(FORTUNE Magazine) – What killed the cat makes us rich. To be more specific: If it weren't for the intellectual curiosity of engineers and scientists thinking things through, trying out ideas, and taking wild guesses in R&D labs across the country, we'd have half the economy we have today. In a recent report on R&D, the American Association for the Advancement of Science estimates that as much as 50% of U.S. economic growth during the half-century since the FORTUNE 500 came into existence has been due to advances in technology.

For corporations, R&D has been a fabulous investment. The Industrial Research Institute in Arlington, Va., an association that brings together research managers to share best practices, calculates that each dollar spent on R&D brings an average return of about three dollars. Of course, the focus of R&D in America has changed a lot over the years, as the defense-driven Cold War era gave way to the electronics and communications explosion of the Internet age, and as biotech has taken off. Lately, homeland security spending has unleashed another wave of investment.

As the focus of the research has changed, so has the style of the organizations doing the work. Early giants of invention such as Bell Labs and the research wings of companies like DuPont and GE found themselves in a world where technical knowledge was becoming widely dispersed. At the same time, growing global competition meant that R&D labs had to turn from pursuits that might possibly win Nobel Prizes to ones that more directly supported their parent companies' need to get better products to market quicker. No longer could any organization hope to employ all the smart mystery solvers in a given field.

Today some of America's greatest companies view R&D less as a strictly in-house process than as a kind of international bazaar of ideas. Intel, for example, has an "acquire and develop" strategy; its Intel Capital unit invests in numerous startups working on potentially hot technologies in order to have access to those that succeed. Eli Lilly established and spun out a venture called InnoCentive, which posts on the Internet technical challenges it wants solved and the money it is willing to pay. Nobel laureate physicist Arno Penzias, a former chief scientist at Bell Labs who is now a venture capitalist, sums up the trend in R&D management as being governed by the same "make or buy" template that manufacturers use to decide where to get ingredients and components for products. "Make or buy is what it's about now in R&D," he says. "You've got to decide what to acquire vs. what to grow in your own greenhouse."

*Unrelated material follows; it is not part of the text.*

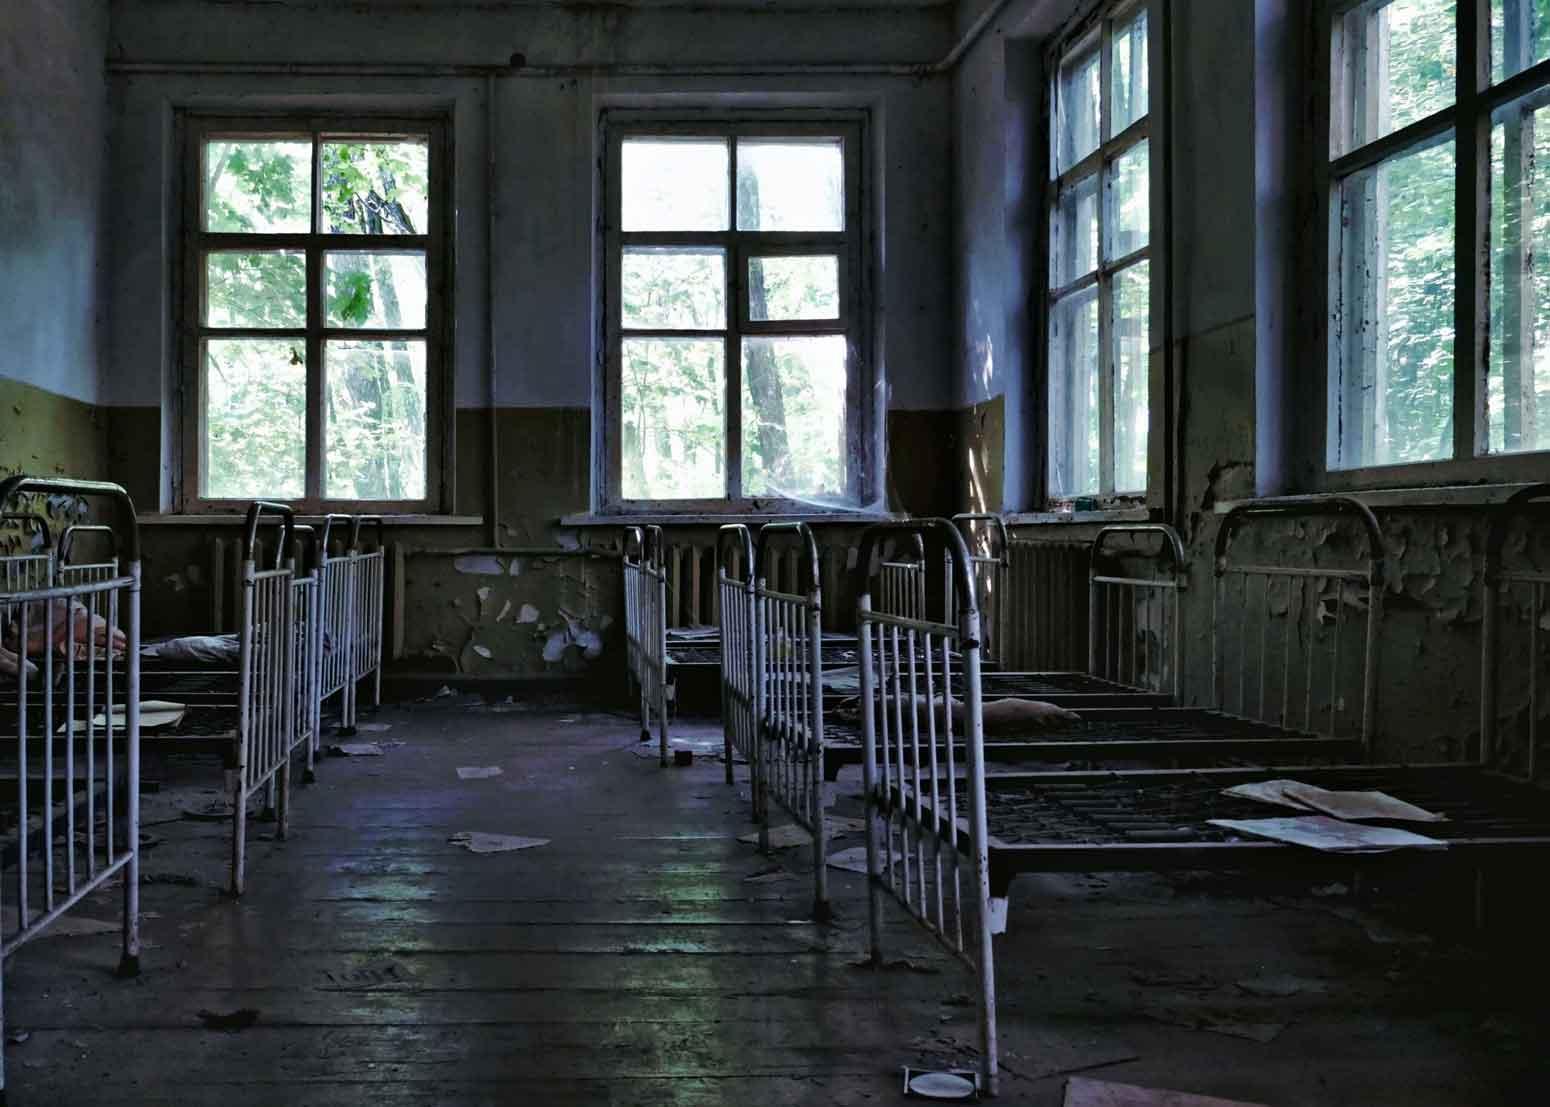 Екскурсія в Чорнобиль: кому сподобається подорож в світ постапокаліпсису?

On the following pages, we give a big tip of the hat to the crown jewels of the FORTUNE 500, R&D labs and the marvels they've spawned.

Bell Labs, Laser

When scientists Arthur Schawlow and Charles Townes at Bell Labs published a technical paper in 1958 describing the principles of what would come to be known as the laser, they couldn't have imagined how widespread their invention would become. Telecommunications, surgery, welding, computer printers, bar-code scanners, and CD players are some of the uses for the beams of coherent light zillions of lasers produce. In the 1964 photo at right, researcher George Douglas adjusts a prism at the end of a 33-foot laser.

Lockheed, SR-71

Blackbird America's deadly cold war rivalry with the Soviet Union unleashed a torrent of funding for developing military technologies, many of them airborne. No machine better exemplifies the ingenuity engineers brought to bear than the SR-71 Blackbird, a superfast spy plane born at Lockheed's Skunk Works lab under the leadership of aeronautical genius Clarence "Kelly" Johnson. He and his engineers conceived the Blackbird as a faster, higher-flying successor to Lockheed's 475-mph U-2, one of which was shot down over the Soviet Union in 1960. With a cruising speed of 2,100 mph, the Blackbird stymied Russian surface-to-air missile designers when it began flying in 1962.

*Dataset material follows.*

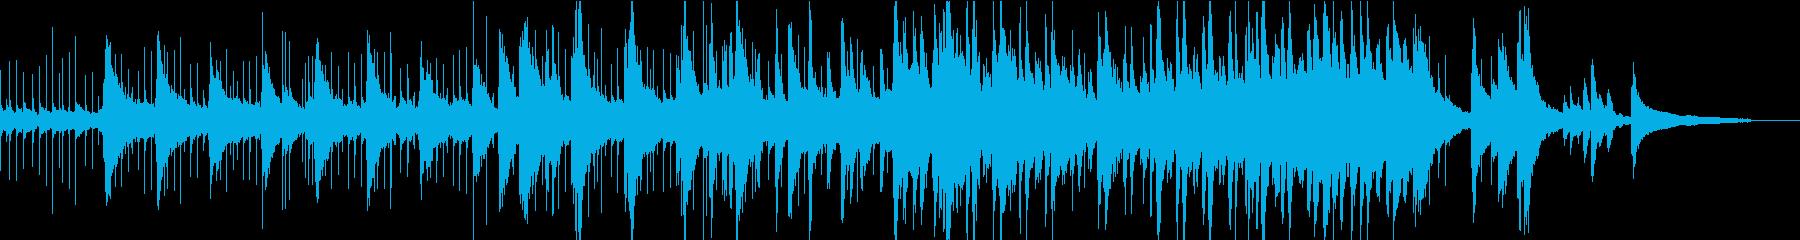 小さな閃きをイメージしたラテンポップスの再生済みの波形

Nothing about building the Blackbird was easy. Pratt & Whitney had to develop exotic turbo-ramjet engines to provide propulsion. The aircraft's skin and most of its internal structure had to be fabricated from hard-to-work titanium to withstand aluminum-melting temperatures of 800° F created by air friction at ultrafast cruising speeds. The landing gear needed special nonmelting tires.

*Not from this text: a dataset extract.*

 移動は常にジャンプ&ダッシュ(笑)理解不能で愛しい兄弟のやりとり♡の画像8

The most alarming thing about the Blackbird was the way it wept fuel when sitting on the ground--no temperature-resistant material existed to seal the gaps between its skin panels. To reduce the fire hazard, a special high-flashpoint fuel called JP-7 was developed. As the SR-71 climbed and accelerated after takeoff, its skin warmed and expanded, causing the panel joints to close. Then the pilot would rendezvous with an aerial refueling plane, top off the tanks, and rocket to 80,000 feet and beyond, where Blackbird plied its trade.

Above, Air Force pilots board an SR-71 in 1969.

Corning, Fiber Optics

Artisans have long known that molten glass can be drawn into an exquisitely thin thread. But it was not until 1970 that Corning scientists Donald Keck (far right) and Robert Maurer and colleagues learned to make optical fibers that can transmit information, in the form of pulses of light, over long distances.

DuPont, Kevlar

The eventual uses of an invention can be impossible to anticipate. When scientists at DuPont's Experimental Station struggled in the early 1960s to come up with a fiber similar to nylon but tougher and stiffer, the hoped-for market was belts for automobile tires. In 1965 chemist Stephanie Kwolek (above left, wearing heat-resistant gloves) devised a process for cold-spinning the aramid fiber that came to be known as Kevlar. But tiremakers proved slow in adapting their manufacturing processes to work with the stuff; instead, bulletproof vests became the first major application for Kevlar, which is five times stronger than the same weight of steel. In subsequent years it found uses in aircraft, military armor, helmets, boats, sporting goods, ropes and cables--and, yes, tires.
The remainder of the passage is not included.